# Recorded data
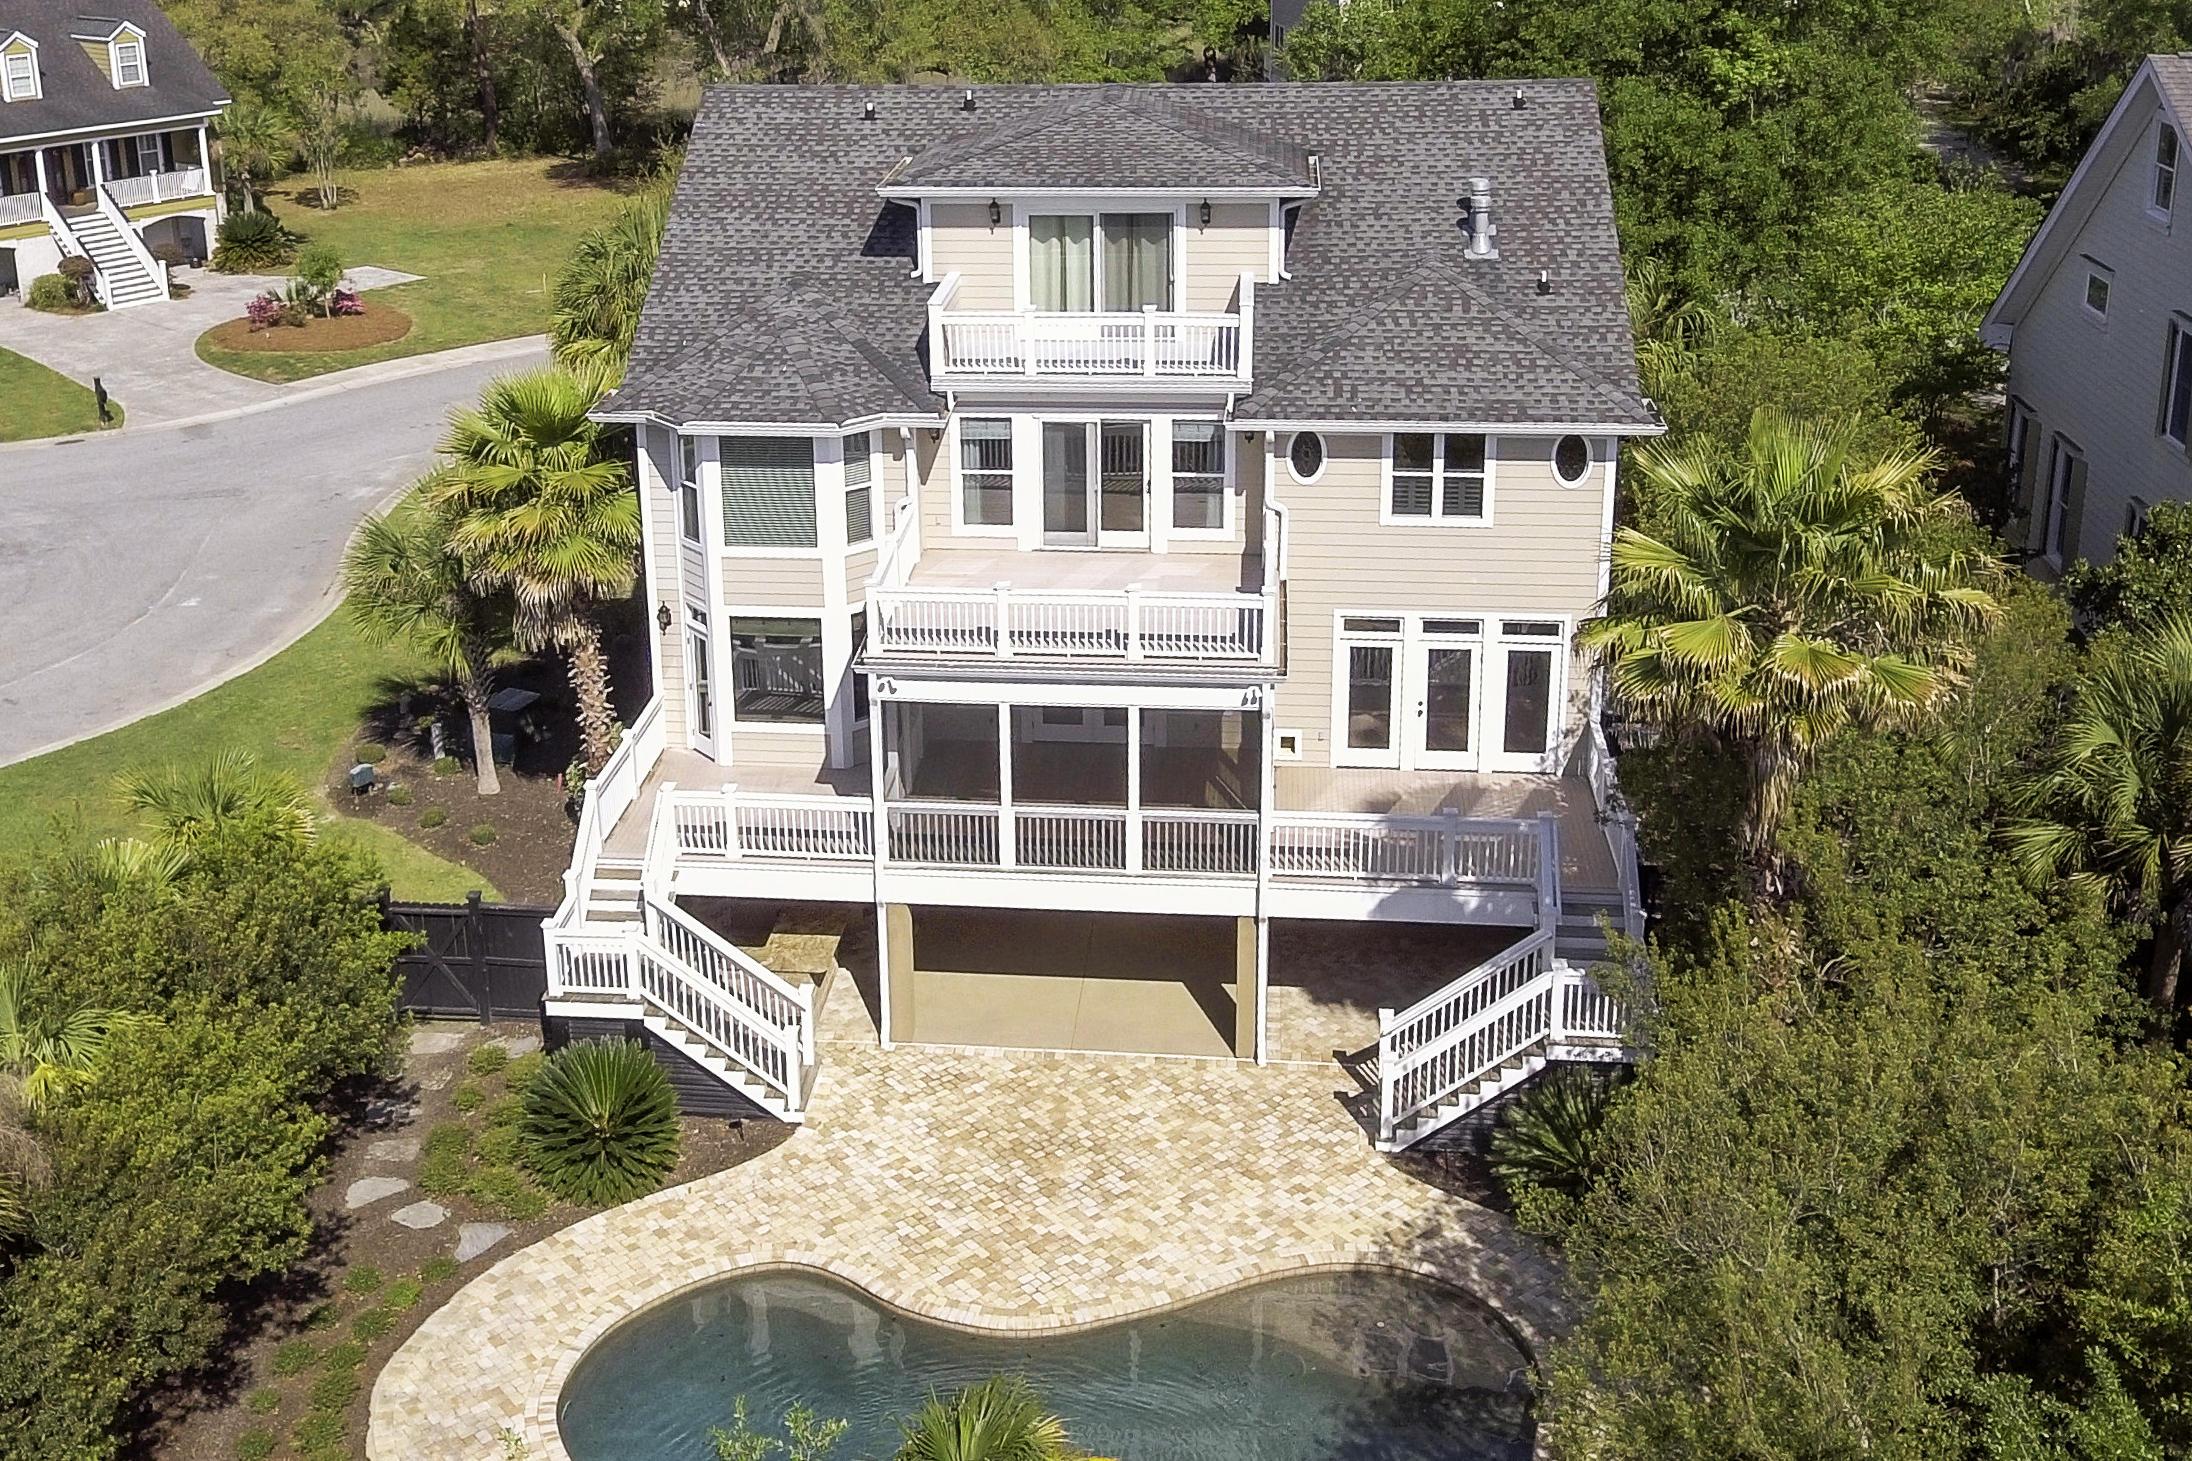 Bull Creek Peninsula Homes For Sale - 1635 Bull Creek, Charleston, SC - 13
==
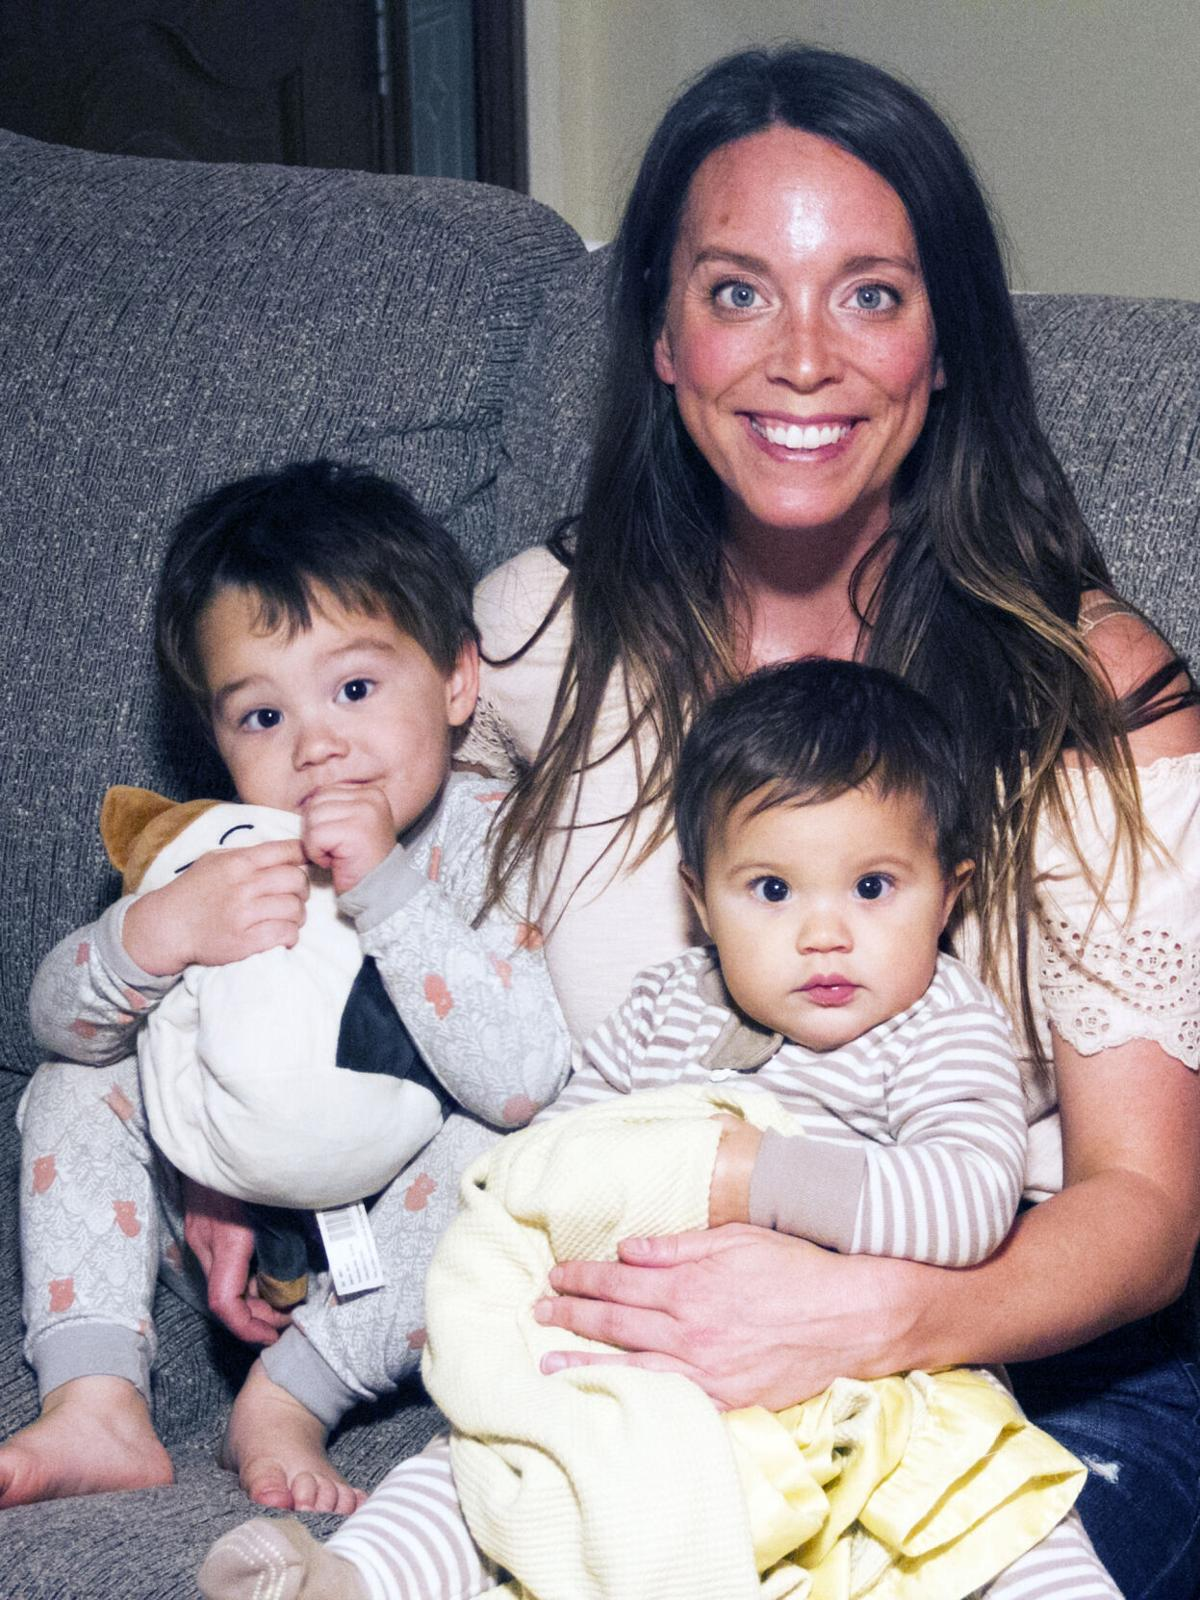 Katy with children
---
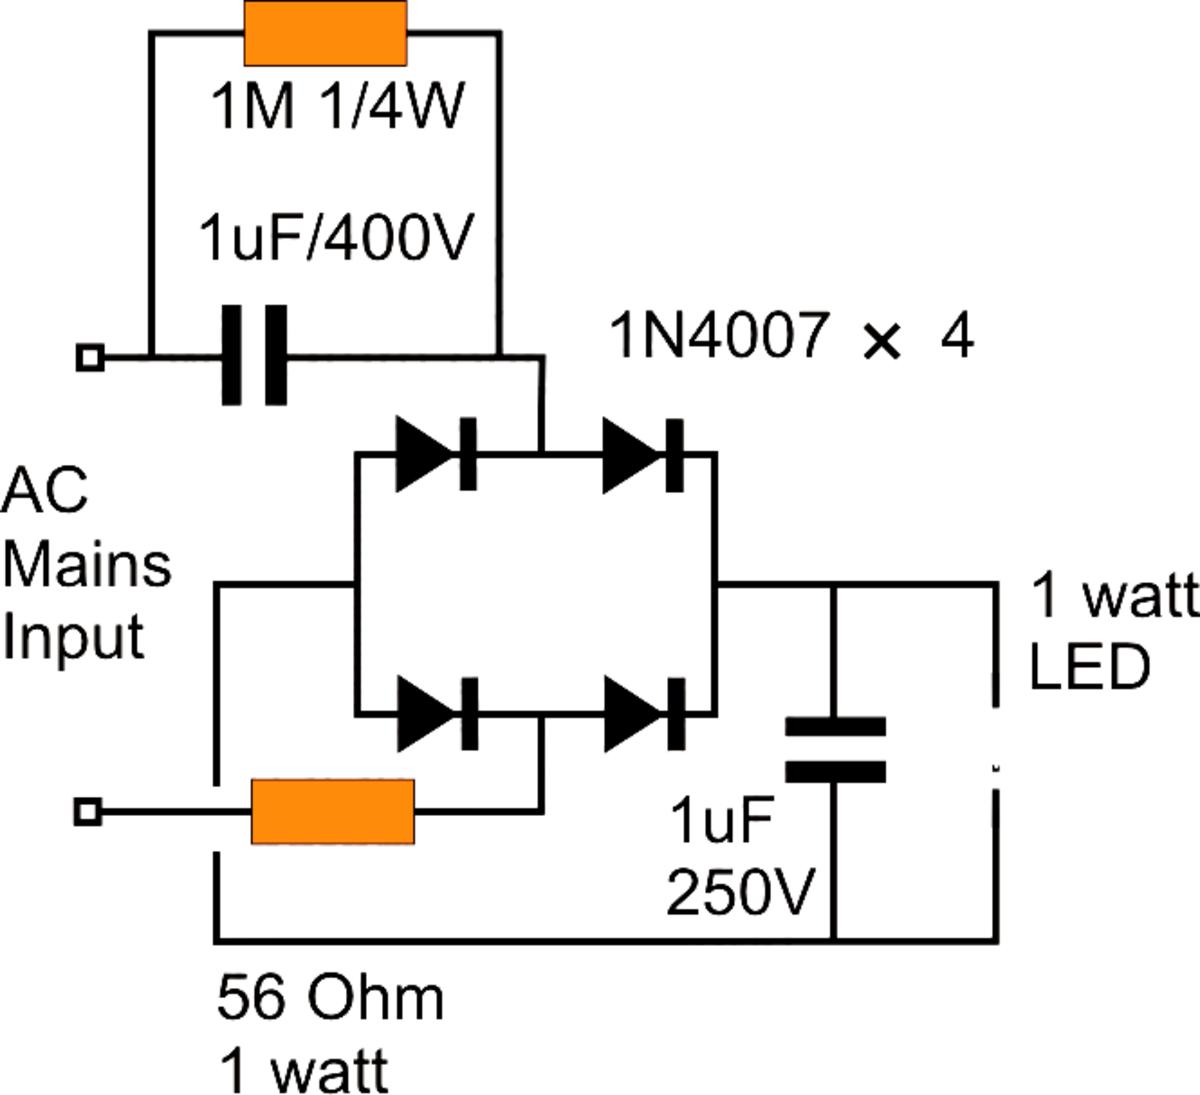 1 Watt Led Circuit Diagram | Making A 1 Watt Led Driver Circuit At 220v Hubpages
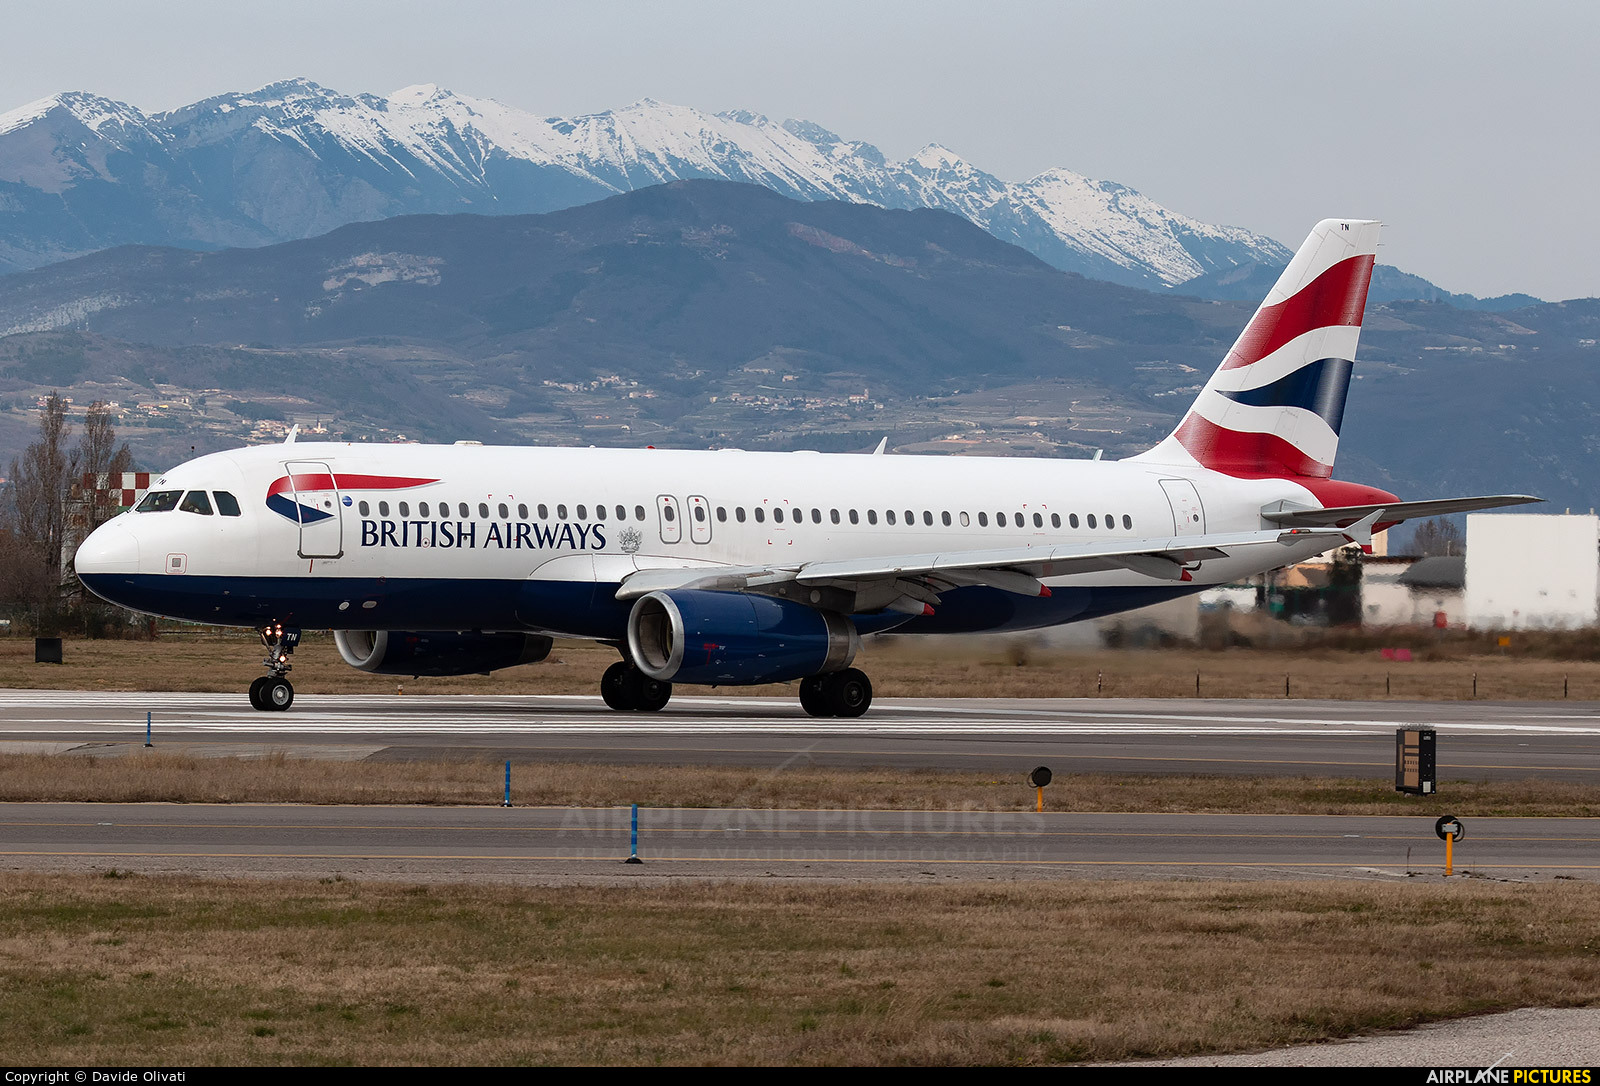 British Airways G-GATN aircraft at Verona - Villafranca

# What is being asked
Working from the entries above, please transcribe only the lines from the line with "1 Watt Led Circuit" through the line with "British Airways G-GATN", exactly, with both end lines and without pictures.

# Answer to this problem
 1 Watt Led Circuit Diagram | Making A 1 Watt Led Driver Circuit At 220v Hubpages
 British Airways G-GATN aircraft at Verona - Villafranca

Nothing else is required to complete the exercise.